The method comprises the steps of training a plurality of word2vec models by obtaining different corpora as a training set; and obtaining candidate words corresponding to the target word unit through each trained word2vec model to form a candidate set. Thus, a target word unit has a plurality of candidate sets, and candidate words in each candidate set may be the same or different. Multiple word2vec models trained on different corpuses guarantee the comprehensiveness of the candidate words.
When each word2vec model obtains a candidate set of a target word unit, firstly inputting the target word unit into a trained word2vec model to obtain a word vector of the target word unit output by the word2vec model; acquiring candidate word vectors with the similarity between the word vectors and the target word unit smaller than a threshold value; and converting the candidate word vectors into corresponding candidate words to form a candidate set.
In a mode of sequencing candidate words in a candidate set, a weighted sequencing mode is adopted, and a candidate set output by each word2vec model is obtained; determining the total weight of the candidate words according to the preset weight of the candidate words and the arrangement positions of the candidate words in each candidate set; and sorting the candidate words in each candidate set according to the total weight of the candidate words. Therefore, the candidate words output by different word2vec models are sorted according to the synonymy recognition accuracy between the candidate words and the target word unit, and the synonymy recognition accuracy of the target word unit is improved.
In a case of segmenting an input text, the input text is segmented into only one word unit, and the only one word unit is used as a target word unit. Filtering out target words meeting the conditions from the comprehensive ordering candidate set according to preset word length, preset part of speech and preset word frequency; and then prompting the target words according to the sequence of the target words in the comprehensive sequencing candidate set.
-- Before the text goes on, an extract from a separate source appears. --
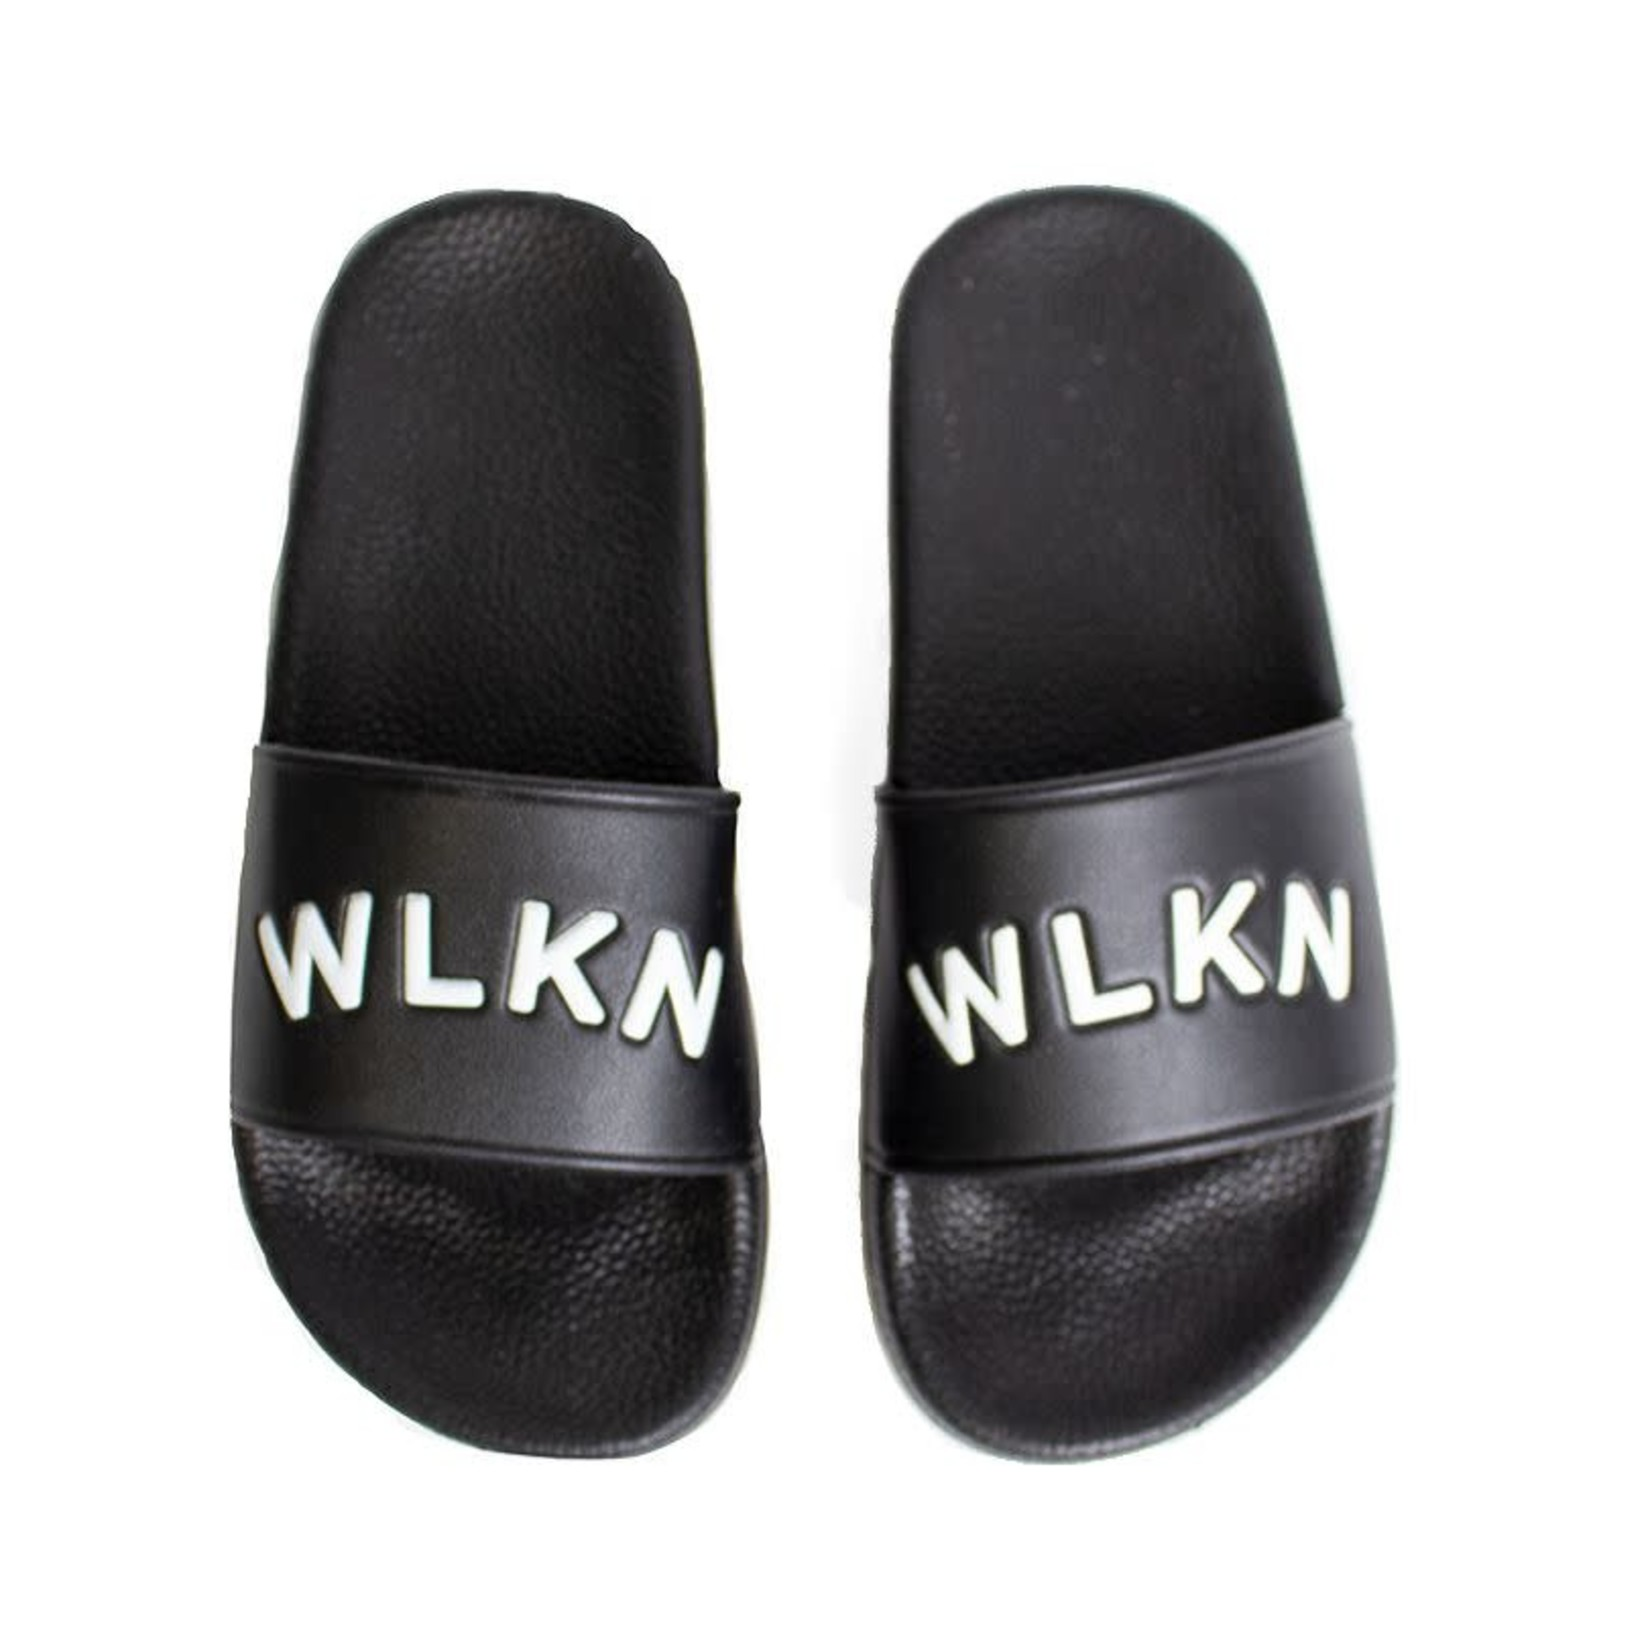 WLKN WLKN : Junior Rounded Logo Slides

In another segmentation condition of the input text, the input text is segmented into at least two word units, and one of the at least two word units is selected as a target word unit according to the part of speech and/or the word frequency. Acquiring candidate words N before the total weight in the comprehensive sorting candidate set; merging other word units segmented from the input text with the candidate words N before the total weight to obtain N candidate texts; sorting the candidate texts according to the historical occurrence frequency of the candidate texts; and finally prompting the candidate texts according to the sequence of the candidate texts.
In order that the objects, technical solutions and advantages of the present invention will become more apparent, the present invention will be further described in detail with reference to the accompanying drawings in conjunction with the following specific embodiments.
In describing particular embodiments, specific details of structures, properties, effects, or other features are set forth in order to provide a thorough understanding of the embodiments by one skilled in the art. However, it is not excluded that a person skilled in the art may implement the invention in a specific case without the above-described structures, performances, effects or other features.
The flow chart in the drawings is only an exemplary flow demonstration, and does not represent that all the contents, operations and steps in the flow chart are necessarily included in the scheme of the invention, nor does it represent that the execution is necessarily performed in the order shown in the drawings. For example, some operations/steps in the flowcharts may be divided, some operations/steps may be combined or partially combined, and the like, and the execution order shown in the flowcharts may be changed according to actual situations without departing from the gist of the present invention.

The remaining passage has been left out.